Monday, 8 October 2018

Chef's Table Season 5: Gender-balance, Immigration & Traditional Cuisines


David Gelb's Netflix food documentary 'Chef's Table' has introduced the masses to some of the best restaurants and chefs in the world, allowing us all to get a glimpse into the high spheres of fine dining. The combination of melodramatic music, stunning cinematography and charismatic chefs has made it one of the most exciting food shows of the last few years and definitely one of my favourites to watch.


The first four seasons mainly highlighted Michelin-starred restaurants and establishments that are included in the World's 50 Best Restaurants list. So while it has been highly entertaining, it's sometimes lacked diversity and focused mainly on high end restaurants. 

David Gelb has taken a different angle for the fifth season of the series, one that makes it the most interesting season yet. First of all it's the first season to be gender-balanced with half the episodes concentrating on female chefs, who also happen to be from different ethnicities.

"It's a story of family, of separation and this is what I would like to change" says Cristina Martinez, an undocumented immigrant from Mexico and owner of South Philly Barbacoa. The first episode of the season is definitely the strongest, with the poignant story of Martinez having to run away from an abusive relationship and leave her home country for the U.S in the hopes of earning money to finance her daughter's education. Despite owning a successful business and being married to an American citizen, Martinez has remained undocumented and hasn't been able to return home for the last eight years. By cooking Barbacoa, a dish from where she's from, she finds a sense of home. She also became a voice for her community and many undocumented immigrants who work in the food industry in America. 



Episode 2 and 3 share the common theme of endangered traditional cuisine. Musa Dağdeviren is the chef and owner of Ciya in Istanbul, a restaurant showcasing regional Turkish dishes. Dağdeviren is on a mission to preserve his country's food culture by collecting as much oral food history as he can and passing on old recipes and food traditions to the next generation. Similarly, Bo Songvisava opened Bo.lan, her highly acclaimed restaurant in Bangkok dedicated to traditional Thai cuisine. Worried about the growing industrialisation of food she only uses organic local ingredients to achieve the most authentic Thai flavours. 

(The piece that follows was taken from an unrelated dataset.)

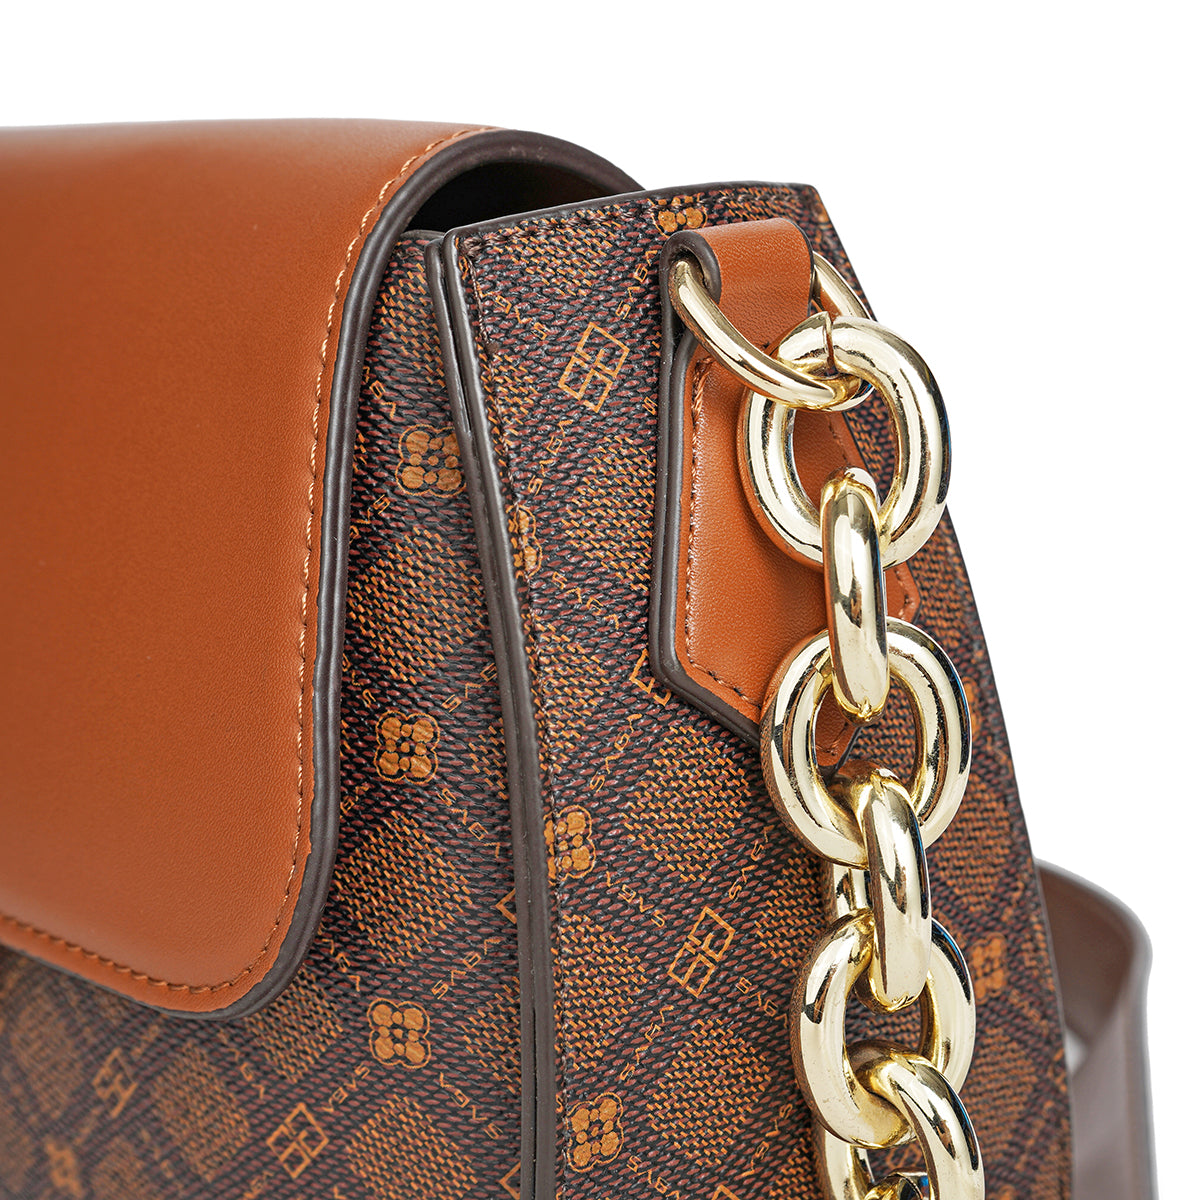 A light and practical bag with a golden chain holder, available in two colors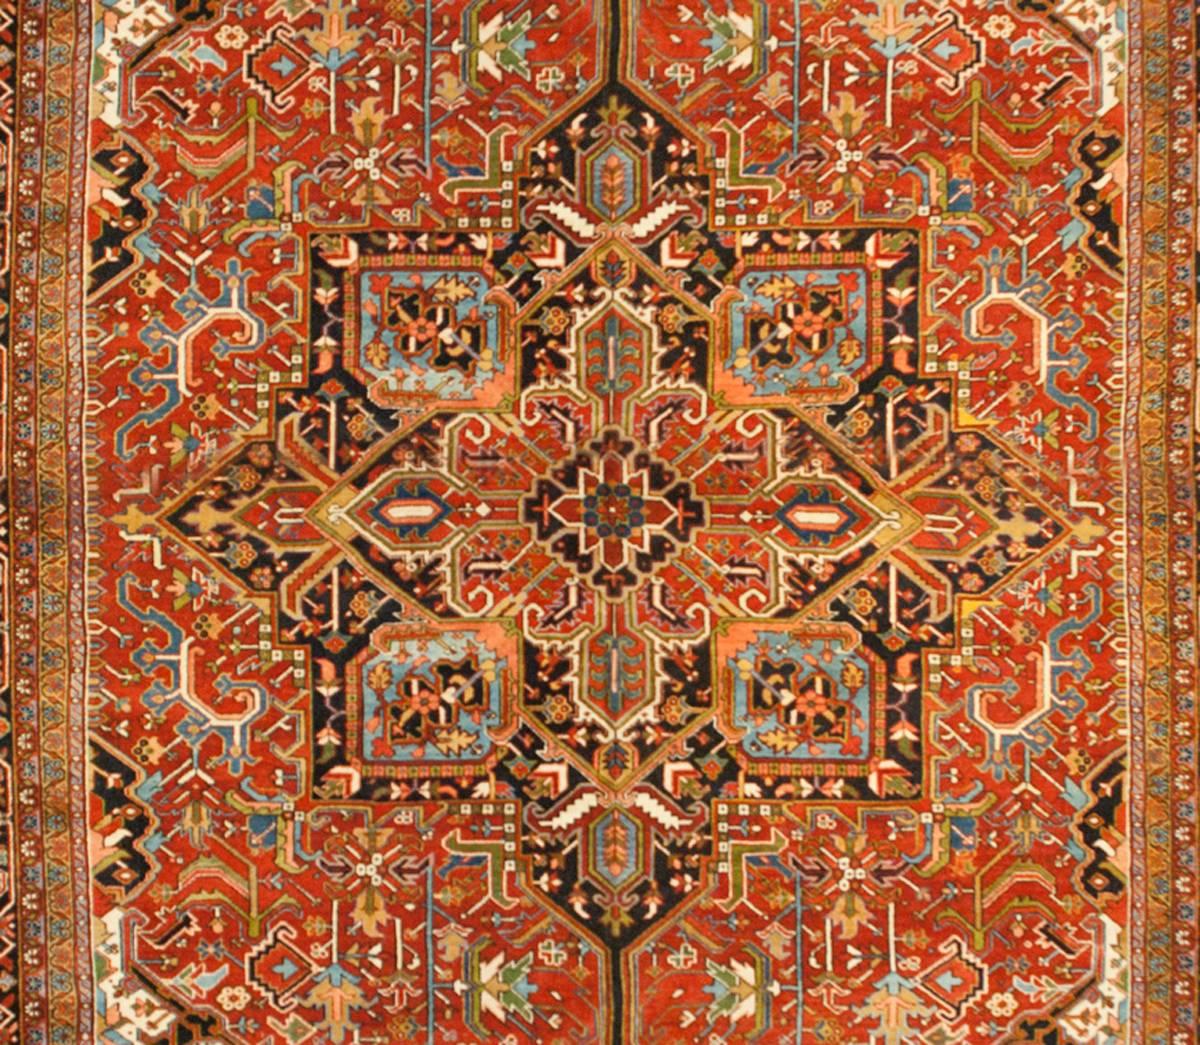 A wonderfully bold early 20th century Persian Heriz rug with a large central multicolored medallion woven in richly saturated crimson, lime green, light and dark indigo, and white wool. The field is intensely woven with large and small scale

The final episode of the season is the untold story of Albert Adrià, the pastry chef and culinary director who worked in the shadow of his brother Ferran, at the legendary El Bulli in Catalonia in Spain.  'Shut up and work' is Adria's motto and while he stayed out of the spotlight his culinary genius has contributed to the stellar success of the restaurant that revolutionised modern gastronomy. Nowadays, Adria's runs his very own culinary empire in Barcelona.

I believe season five of Chef's Table is its most interesting yet. The fact that it's a little more diverse allows a different narrative and one that in a way is more representative of the culinary world. It's not just about the food but about its meaning and issues that revolve around it.